Another subgroup tackled what would happen if a group decided to do to HVAC what Uber has done to taxis. This is what it looks like to try and identify problems of the future.

What does this mean to our contractor readers? Well, first, it means there is a group of smart folks in HVACR trying to make sure this industry stays ahead of the curve. Also, those who complain that the different channel groups don’t work together are probably unaware of meetings like this.

Finally, this should be a blueprint for running your business. I am sure, for a lot of HVAC contractors, running a business is a day-to-day or week-to-week job. This means they are just trying to put out the fires of the day and make sure they have a good week. Contractors who feel they are ahead of the game are tracking their monthly numbers and can tell you how they compare to last year.

But, how many contractors are truly looking three to five years down the road to investigate what their company will look like and, more importantly, what their competitors will look like? Odds are the government will be moving the goal posts on you.
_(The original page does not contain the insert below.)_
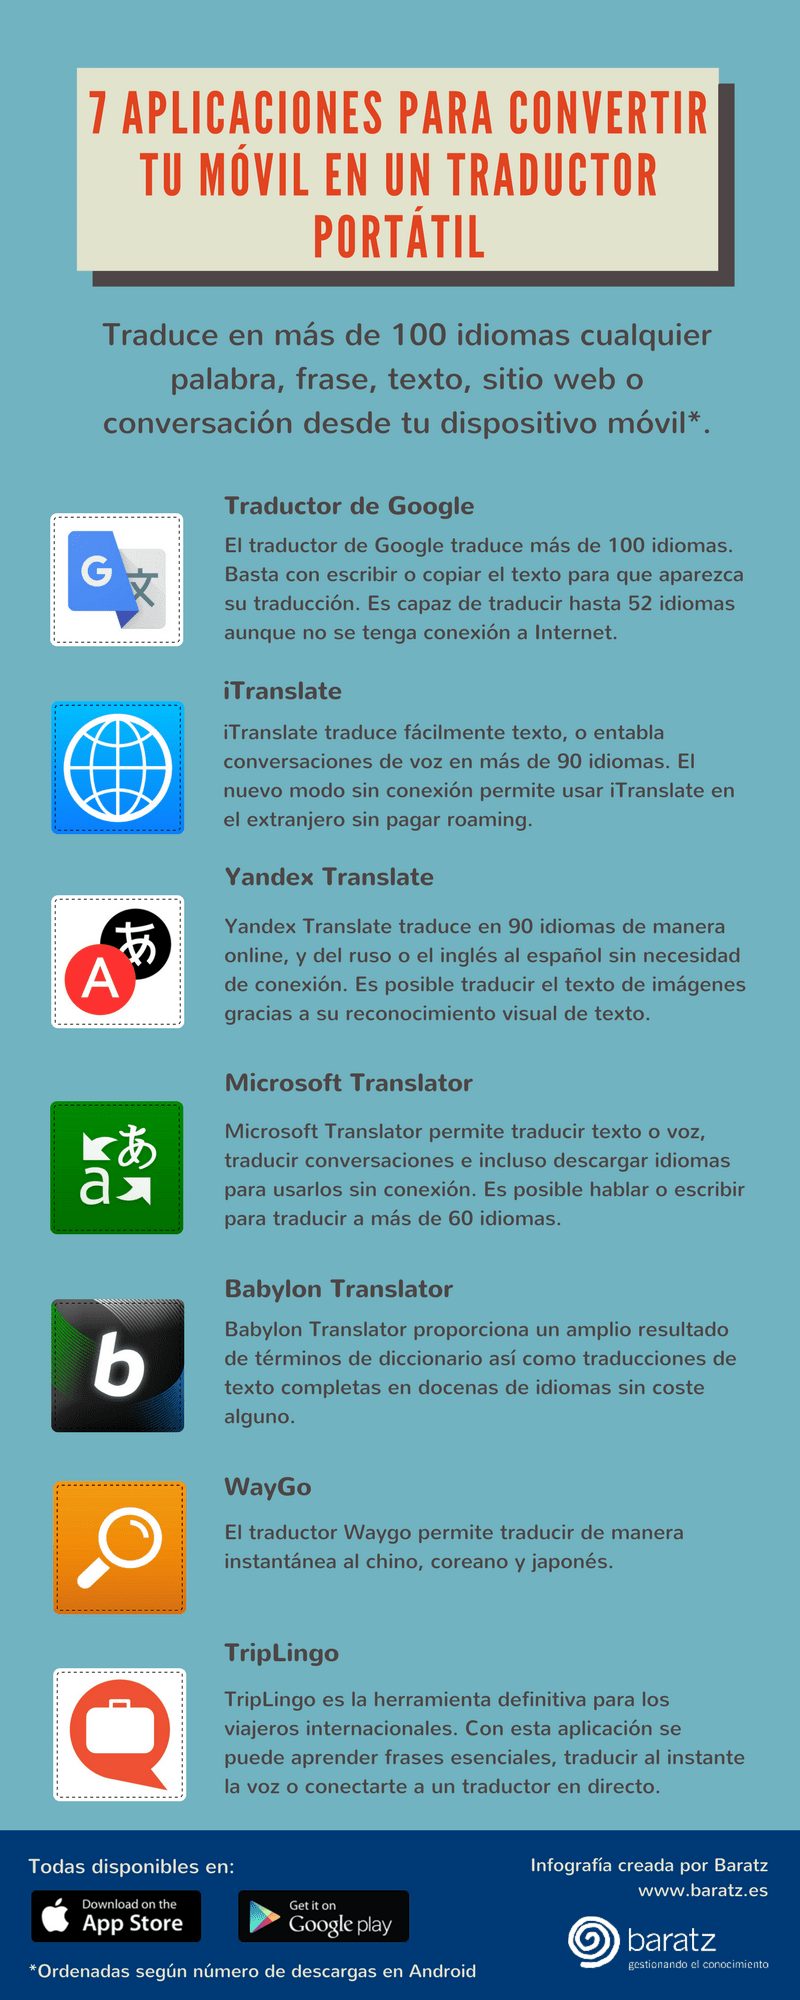 7 aplicaciones para convertir tu móvil en un traductor portátil

Obviously, this is not something that you can think about daily or even weekly. But, maybe you can squeeze in a couple hours monthly or quarterly. Better yet, get your executive team to help you out. As I can tell you firsthand from my experience on the Joint Futures Committee, multiple heads thinking about problems are definitely better than one. The number of ideas that come out of the group brainstorming session is staggering.

Give it a try so you won’t get caught flat footed when the industry and your market inevitably changes.